What Is Cholesterol, and Should I Be Concerned About It?

Learn what cholesterol does in the body and why you need to control it

Nowadays everyone seems to be declaring war on cholesterol—despite the fact that no one has proven cholesterol to be a genuine enemy.

Before you jump on the bandwagon, too, it’s important to understand exactly what cholesterol is, what it does in the body, and how it is and isn’t related to heart disease. You may be surprised.

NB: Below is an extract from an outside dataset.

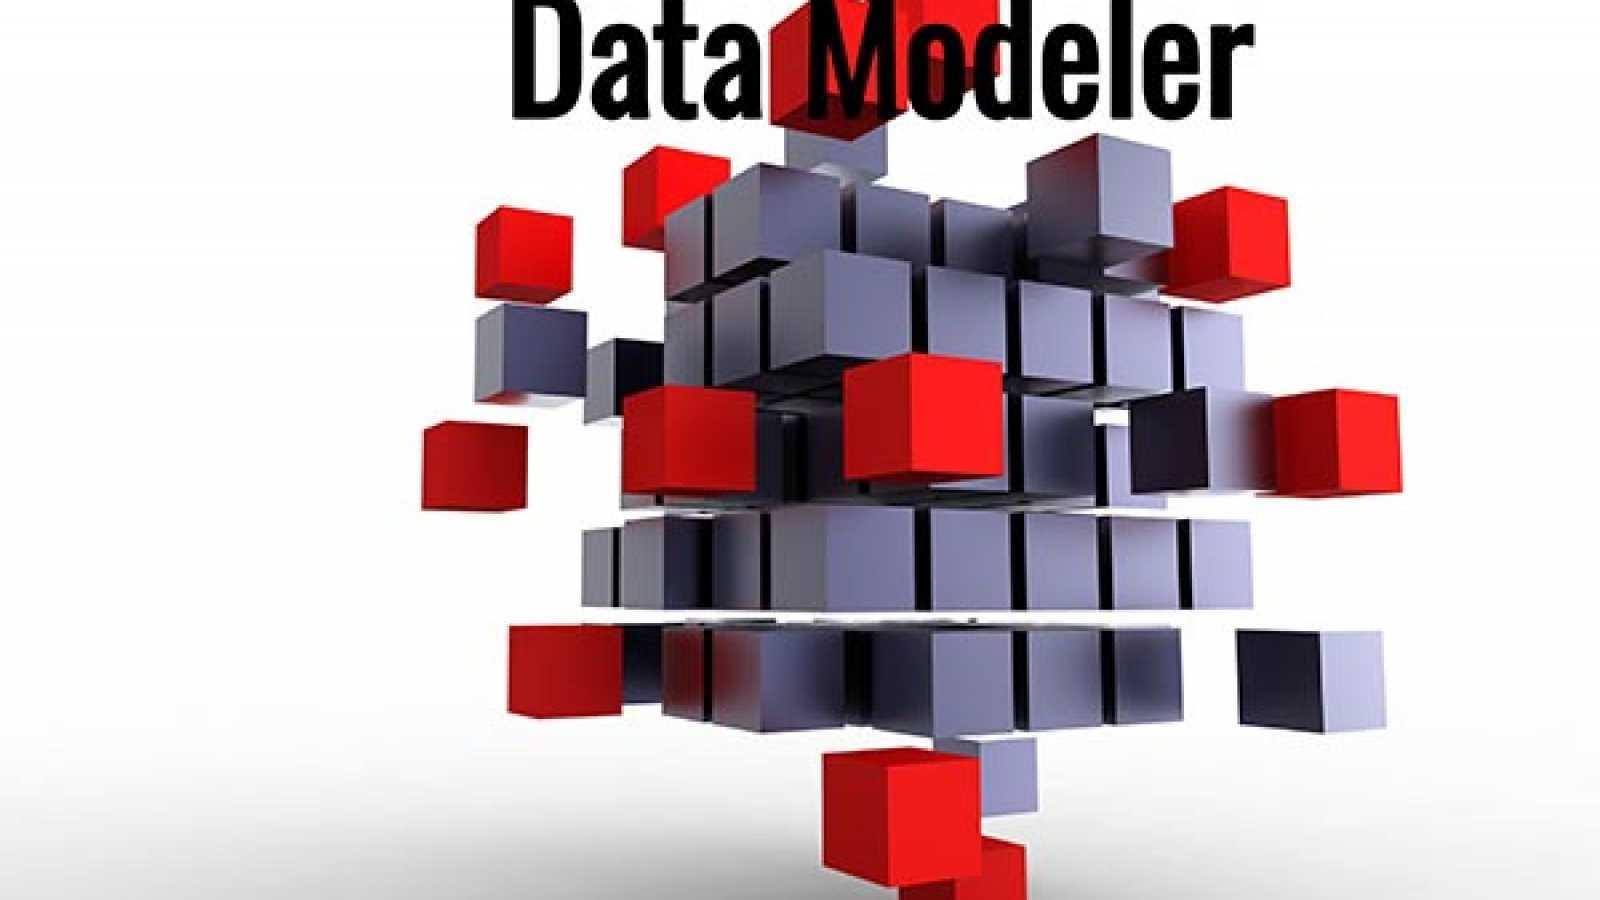 data-modeler_600x448.jpg
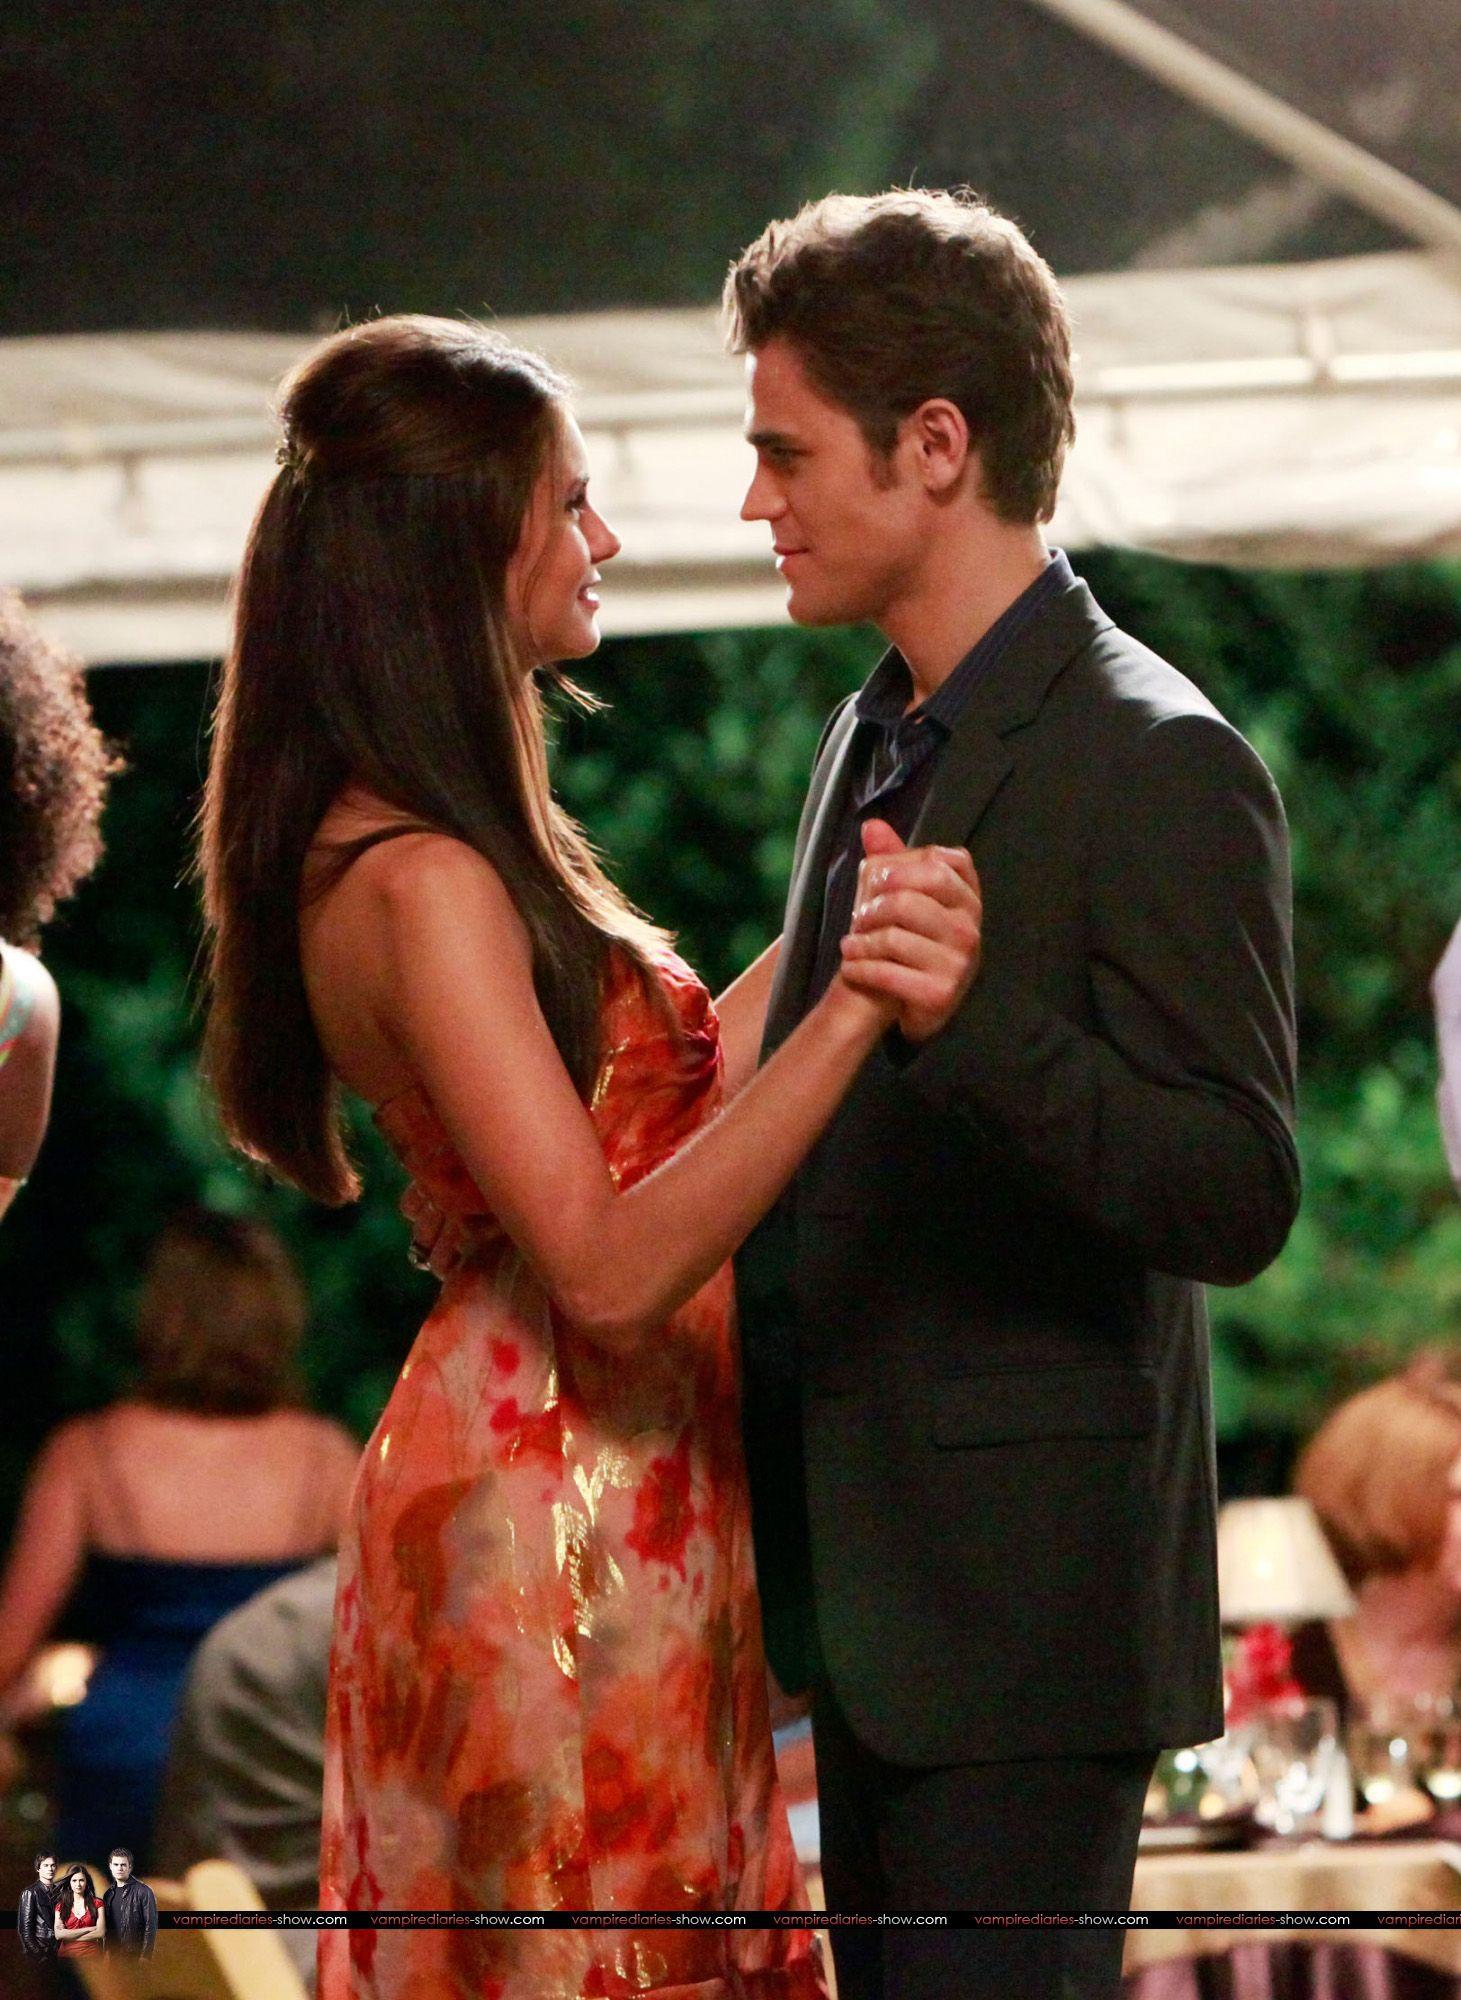 Stefan is so hot!

We Can’t Live Without Cholesterol

The first paragraphs of most articles about cholesterol usually leave you picturing chunks of yellow fat pumping through your bloodstream. But actually, cholesterol is more like a wax than a fat or oil. Your body produces between 1,500 and 1,800 mg of it every day, mostly in the liver, but also in the small intestine and in individual cells.

In the body, cholesterol is used to—

  • Manufacture bile salts. About 80 percent of cholesterol is used by the liver to help produce bile salts. Bile salts are stored in the gallbladder and used to help in the digestion and absorption of fat in the diet.
  • Produce hormones. Provides the basis of several important steroid hormones produced in the adrenal glands, ovaries, and testes
  • Maintain the integrity of cell membranes. Every cell uses cholesterol to construct its protective membrane and maintain its shape. Cholesterol also helps form a special barrier against various substances, making cells resistant to the penetration of certain liquids and keeping water from leaving your body too quickly. Without cholesterol, it is estimated that you would lose four to five gallons of water per day through evaporation, instead of the usual 10 to 14 ounces.
  • Produce vitamin D. Cholesterol is an essential ingredient for making vitamin D.

By itself, cholesterol is only a problem in the body when it becomes oxidized. When cholesterol becomes oxidized, it can damage artery linings and set the stage for mineral and fat deposits that lead to blockages.

Reducing Cholesterol Does Reduce Risk

Given all of the essential functions that cholesterol is needed for, you might expect me to say that I don’t believe in lowering cholesterol levels. To the contrary—I’m all for lowering cholesterol levels. I just don’t believe in lowering cholesterol on the premise that cholesterol causes heart disease.

I believe in lowering cholesterol because the diet and lifestyle habits that cause high cholesterol levels are directly linked to heart disease. By reducing your cholesterol level, you’ll be attacking bigger and more fundamental health issues.

If your total cholesterol level is in the 300s or higher, you should certainly address it. The more total cholesterol you have, the more there is to become oxidized and collect in your arteries. Levels at or around 200 or so shouldn’t cause you concern, though. A healthy diet and adequate physical activity will keep your blood lipid levels in check.